Wednesday Night #1421

A video montage of many of Julius Grey‘s most publicized cases served to remind all of his commitment to the rule of law and his fight for reasonable laws governing civil rights and humanitarian issues. Although the freedom of expression, freedom of association along with freedom not to associate cases have been widely publicized, it is some of the lower profile ones, such as the one dealing with equitable valuation and division of assets in divorce cases that have had the most impact on jurisprudence and on the general well being of Quebeckers. In a sign of the times, there are an increasing number of cases of reckless trading of portfolios (especially with those of older people) which should be handled very conservatively. The plaintiffs in these cases usually obtain damages.

Over a period of 30 years, Philippe Valois sold Canadians on the idea of investing in Europe, Latin America, the Middle East and Asia, but was never successful in convincing institutional investors in those regions to invest in Canada. He notes that while some private investors have done so, it is only in the past three years that he and his partners in Europe have been able to convince large foreign institutions to actively buy Canada, recognizing that our economy is the strongest in the world. Kimon Valaskakis confirms that when he was Ambassador to the OECD, the image of Canada was most favourable except that Canada was looked upon as weak in follow-through – good ideas, social innovation and inventions that inevitably wound up being promoted/commercialized somewhere else.

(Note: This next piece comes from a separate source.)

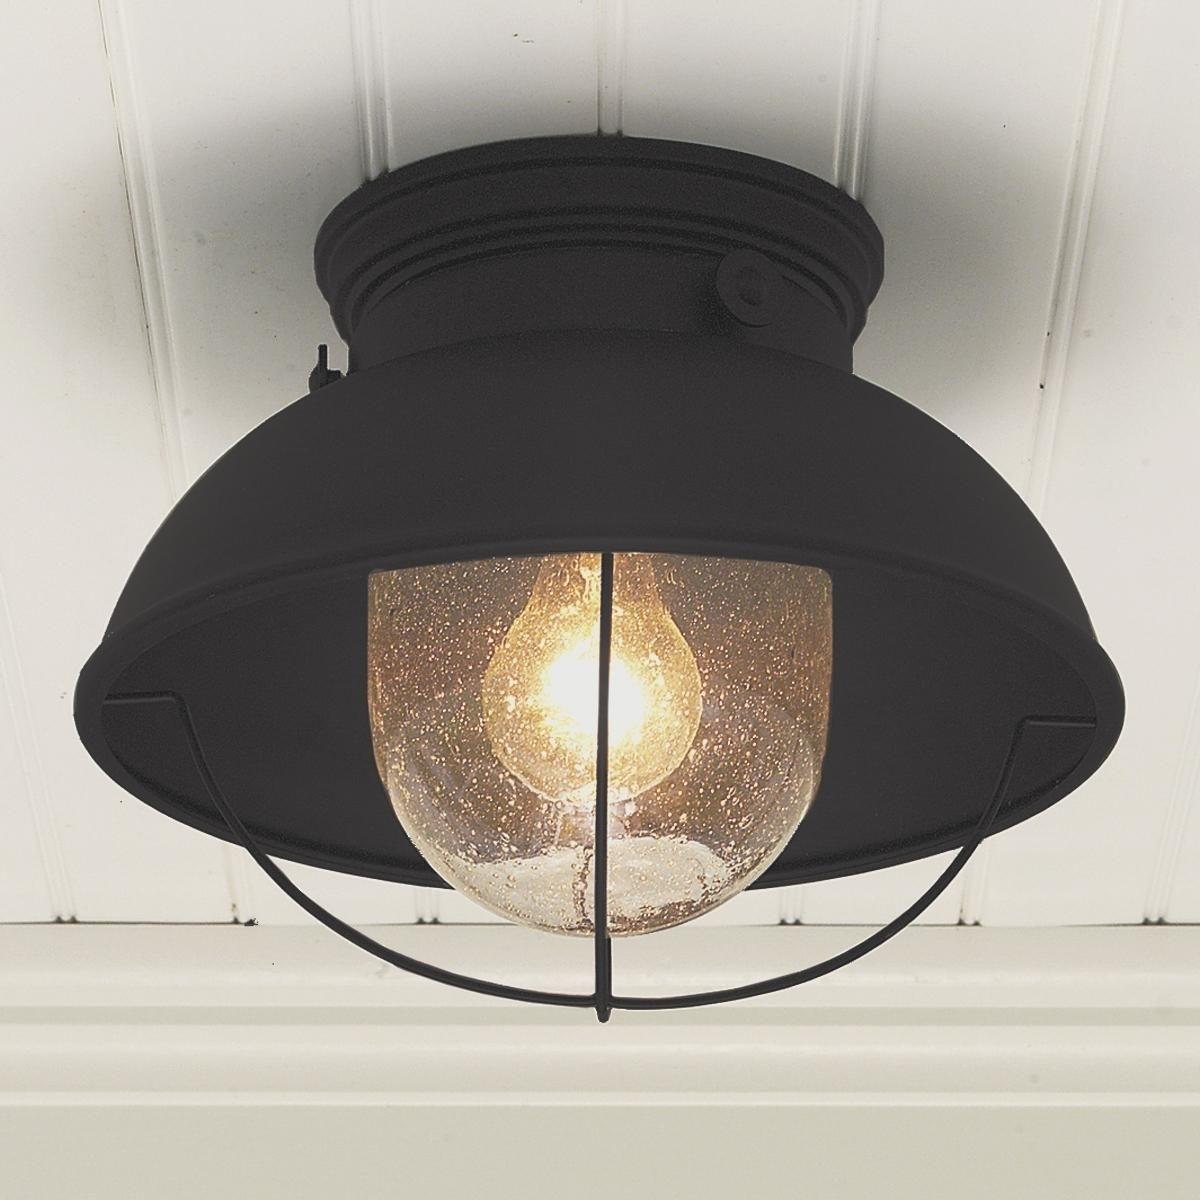 Ceiling Light : Ceiling Porch Lights Sensor Outdoor Ceiling Fan Throughout Outdoor Ceiling Downlights (#2 of 15)

Some of this weakness may be attributable to the fact that Canadian entrepreneurs tend to look only to the U.S. It would be interesting to study the Beauce model for lessons in successful Canadian entrepreneurship.

Now that Philippe has returned to his base in Montreal and Knowlton, he has become a member of the Board of the  Knowlton Festival , successor to last year’s hugely successful Bel Canto Festival, and proposed as an annual event that will give the MSO a summer home – a Tanglewood North.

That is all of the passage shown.